Accountable Care and the Implosion of Medicaid Programs Throughout the Country
This issue of the Journal continues our focus on the myriad of ways in which we can enhance accountable care. The last issue of the Journal focused on the many challenges of implementing the medical home. I commented in my introduction to the Medical Home issue on my opposition to prescriptive process-driven approaches to certification of the Medical Home. Similarly, I am opposed to a one-size-fits-all approach to health care delivery reform. That is, I am opposed to the belief that only accountable care organizations are capable of delivering improved quality at the best-possible price. I would simply like to see accountable care delivered by whatever entity can step up to the plate and deliver improved outcomes quality at a efficient price. As in the past, I define outcomes quality to include a continuously decreasing rate of "potentially preventable events": that is, decreased potentially preventable
* initial admissions (hospitals and nursing homes),
* readmissions,
* complications,
* emergency room visits, and
* ancillaries (broadly defined to include not just radiologic tests but more appropriate pharmaceutical prescribing)

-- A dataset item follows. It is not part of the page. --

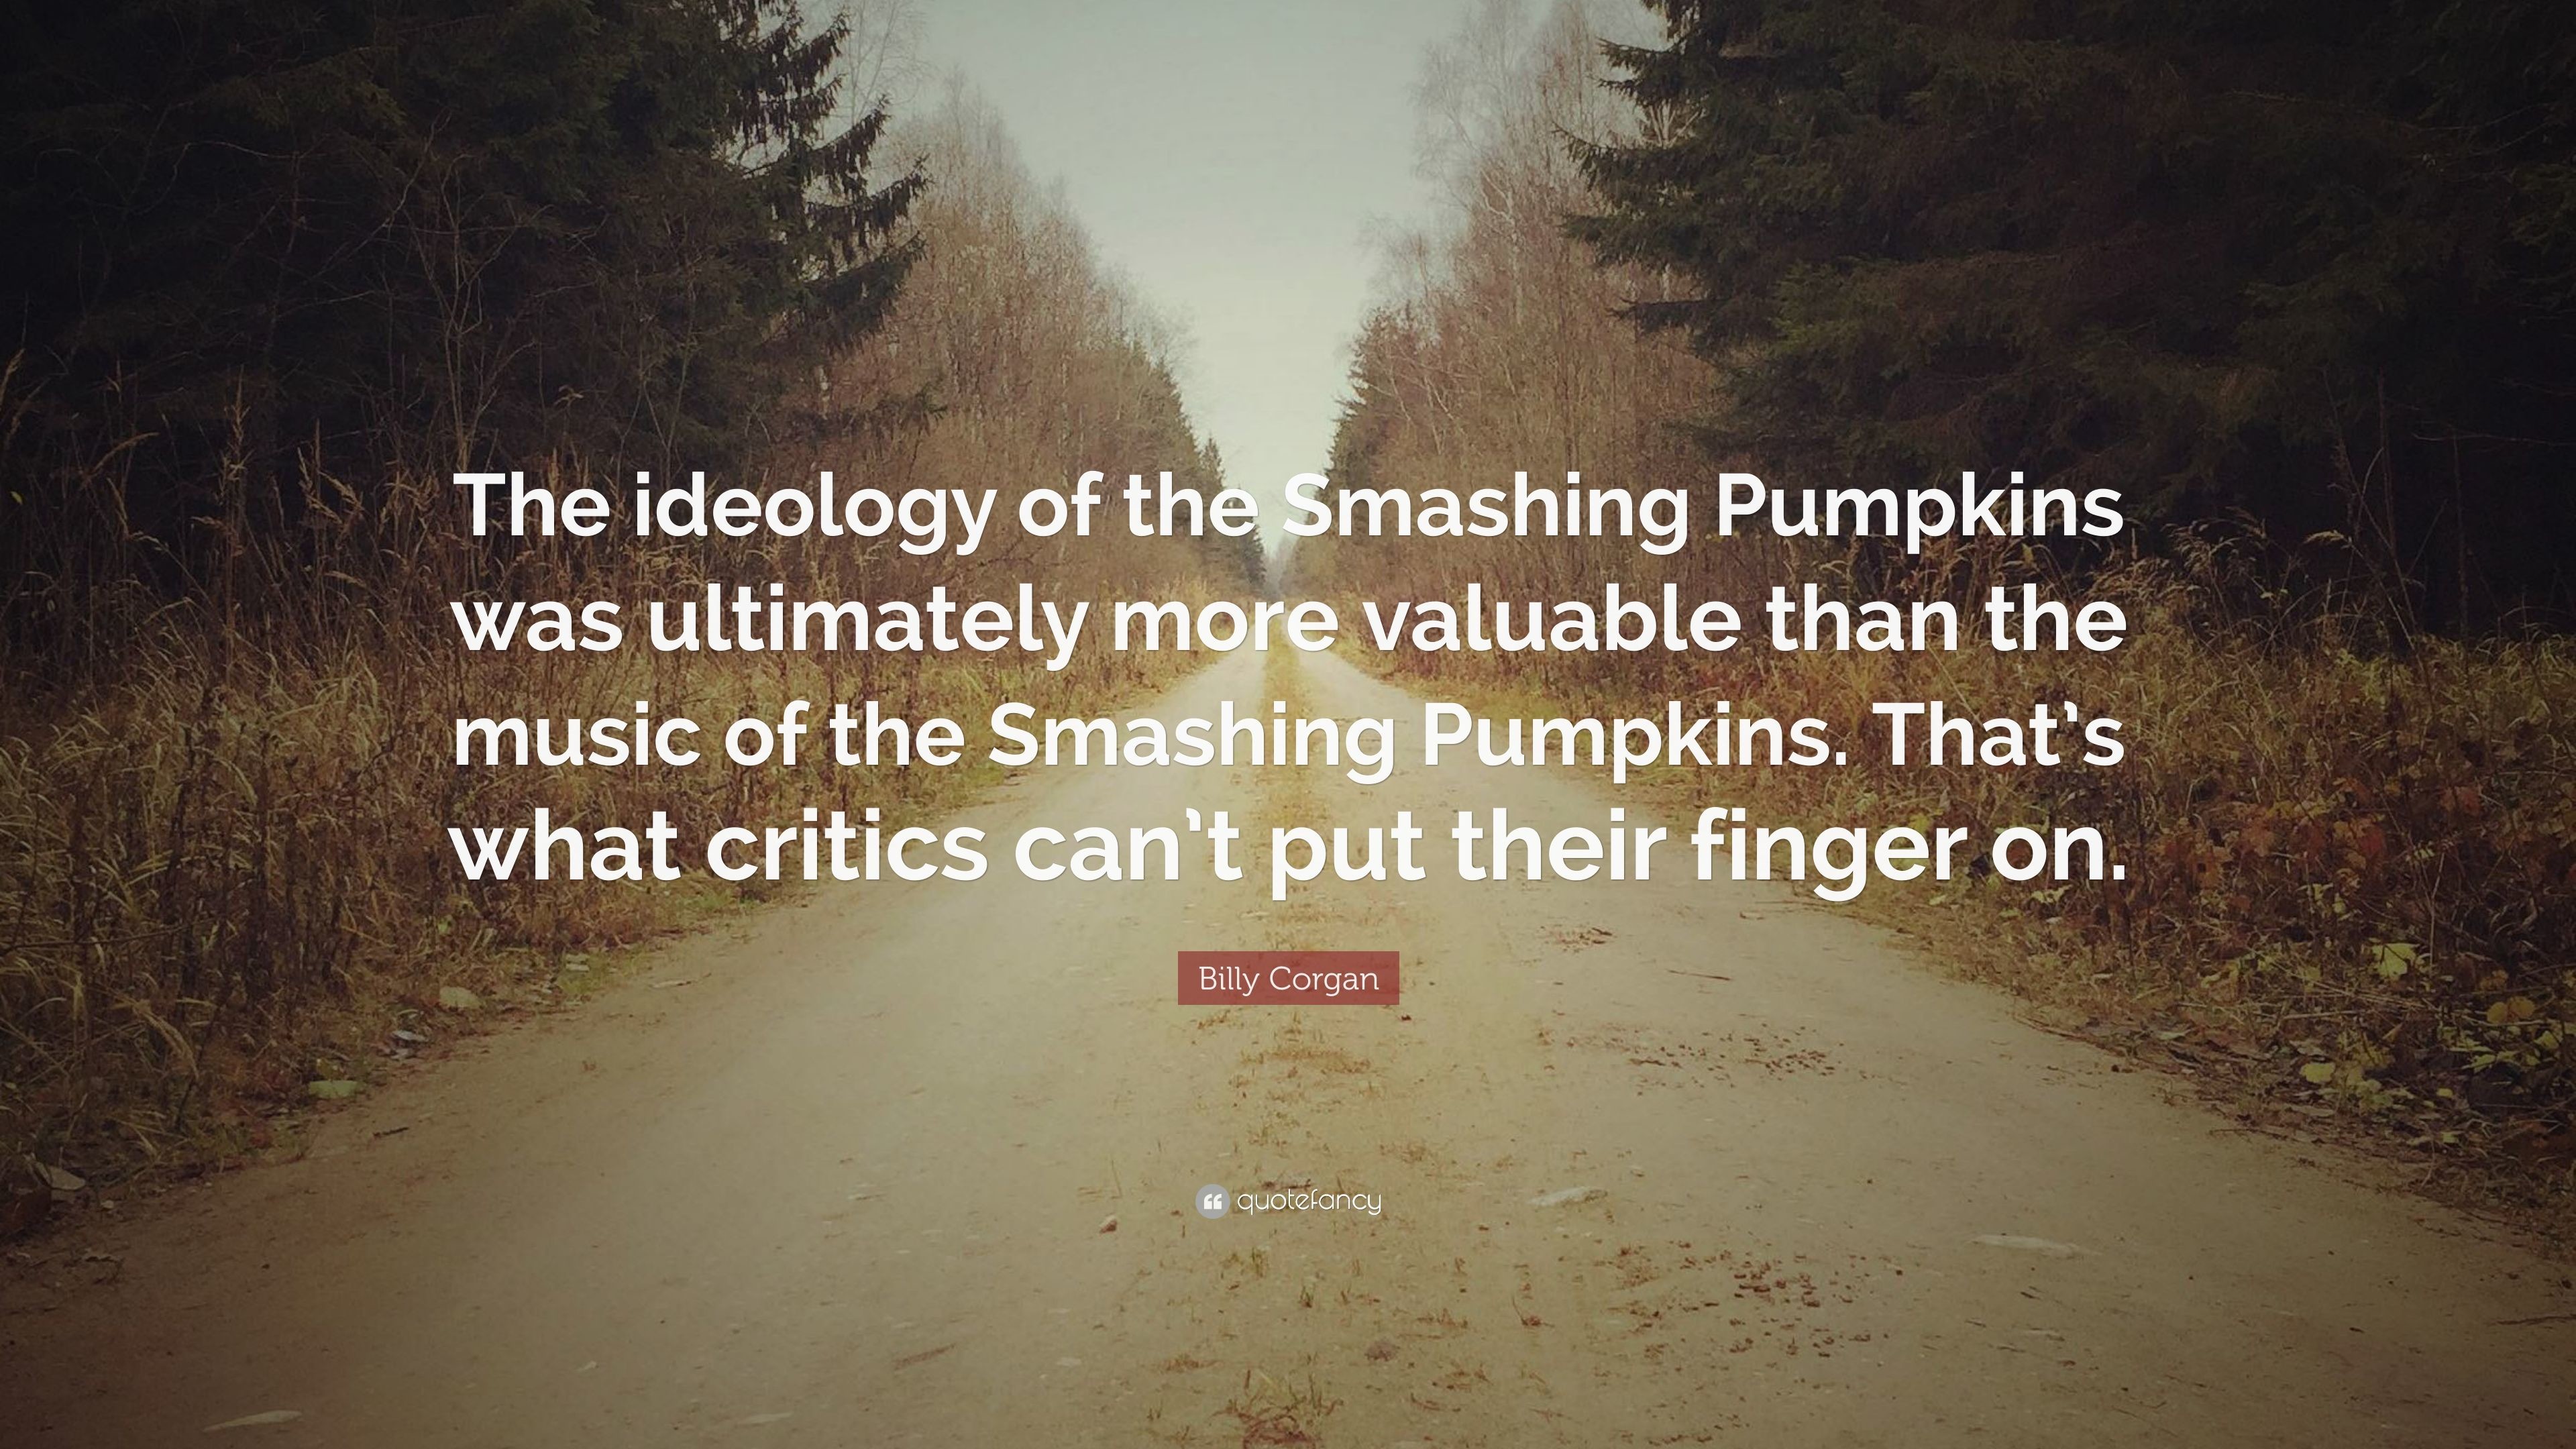 3840x2160 Billy Corgan Quote: “The ideology of the Smashing Pumpkins was ultimately  more valuable than

This issue of the Journal focuses on the evolving role of case managers in our health care system. Case managers can function in any of the names that policymakers are throwing about these days: medical homes, accountable care organizations, and managed care organizations, that is, any organization that is taking on some form of financial risk. Each of these organizations is assuming a certain level of financial risk in their effort to improve outcomes quality. These organizations expect that when they hire case managers of the type described in this journal, that would both measurably improve outcome quality and decrease potentially preventable events.
These developments cannot happen soon enough. Medicaid programs throughout the country are in the process of imploding because of state budget deficits, while at the same time, it is our Medicaid programs that are supposed to be the "home" for millions of newly insured individuals as a consequence of the recently passed health reform law. In response to these twin challenges, we need to marshal all our outcomes improvement efforts that save money as rapidly as possible to forestall the natural tendency of Medicaid program directors to simply cut benefits rather than the harder task of improving quality at a better price. However, even if dramatic improvements in Medicaid programs are possible, they cannot do it alone. That is, and most importantly, Medicaid program directors need to consider joining forces with those parts of state government that are responsible for health insurance for state employees (active and retired). Together, Medicaid programs and state employee health insurance offices can have a greater impact on any of the organizational entities that are providing care and are assuming financial risk.
This issue, carefully edited by Roger Kathol from Cartesian Solutions and Cheryl Lattimer from the Case Management Society of America, highlight the importance that case managers will have if efforts at accountable care are to be successful.
The remainder of this issue provides our regular features: our ambulatory management column by Dr Ron Goodspeed and the latest news from the Republic of Texas.